The Impact of Language Technology on Society

Organized by Giellatekno – Centre for Saami Language Technology

10:30-11:00	Lene Antonsen Why ICALL for indigenous languages?
11:00-11:30	Ken Beesley, Sonja Bosch and Laurette Pretorius The Impact of Language Technologies on South Africa's Lesser-studied Official Languages
11:30-12:00	Mari Keränen Language technology and standardization – a sociolinguistic perspective
12:00-13:30 LUNCH
13:30-14:00	Sjur Moshagen Proofing tools, open source and language diversity
14.30-15.00	Leena Niiranen and Kaisa Maliniemi Language technology used in revitalization of Kven: Problems and Possibilities
15.00-15.30	Trond Trosterud Language technology and domain retrieval: a global perspective

Why ICALL for indigenous languages?

Lene Antonsen

Traditional CALL (Computer-Assisted Language Learning) tools provide limited exercise types and many of them focus on base forms, along with limited possibilities to provide feedback since the exercises are static, and the answers have to be pre-stored. With ICALL (Intelligent CALL) one adds natural language processing (NLP) to the tools for language learning.

Many indigenous languages have the following in common:
– complex morphology
– weak norms, extensive linguistic variation
– need for distance teaching
– lack of teaching materials
– lack of text corpus

With a system based on NLP it is e.g. possible to
– generate large amounts of appropriate grammar tasks based on the learners' needs
– put the grammar tasks into a meaningful setting
– give automatic diagnosis and feedback to the learner based on what he has actually produced
– enrich digital dictionaries for language learners with inflected forms in support of both perception and production
– handle linguistic variation

ICALL tools can in part be built on already existing NLP resources.

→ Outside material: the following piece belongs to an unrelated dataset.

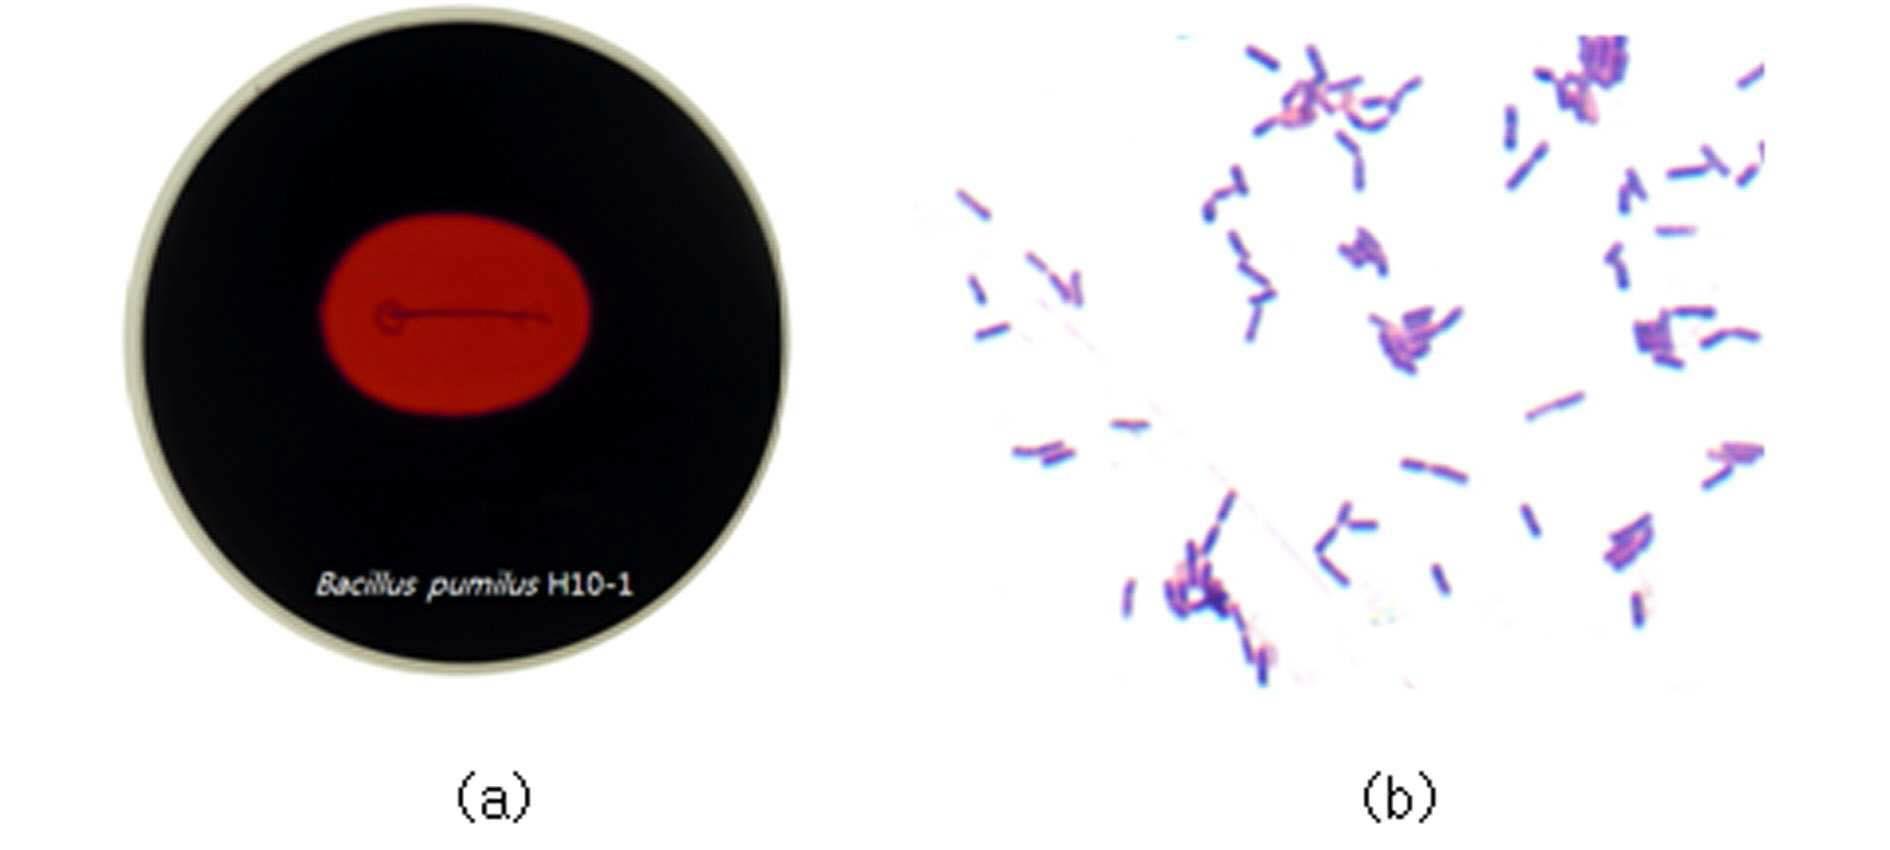 Congo red (a) and Gram staining (b) of Bacillus pumilus H10-1.

For many indigenous languages there are no analysers, but ICALL tools can nevertheless be established since the NLP tools can be limited to the vocabulary and morphology addressed in the teaching materials. Making such basic analysers can also be a good start for building analysers to cover the whole language, which is required for making spell checking programs.

The Impact of Language Technologies on South Africa's Lesser-studied Official Languages

Ken Beesley, Sonja Bosch and Laurette Pretorius

Under apartheid, until 1994, South Africa had only two official languages: Afrikaans and English. The new Constitution of 1996 recognizes an additional nine official languages, all from the Bantu language family, and explicitly requires that “all languages must enjoy parity of esteem and must be treated equitably.” We review the computer-based language-technology projects that contribute to the social status and practical usability of the ten official languages, excluding English, that are lesser-studied.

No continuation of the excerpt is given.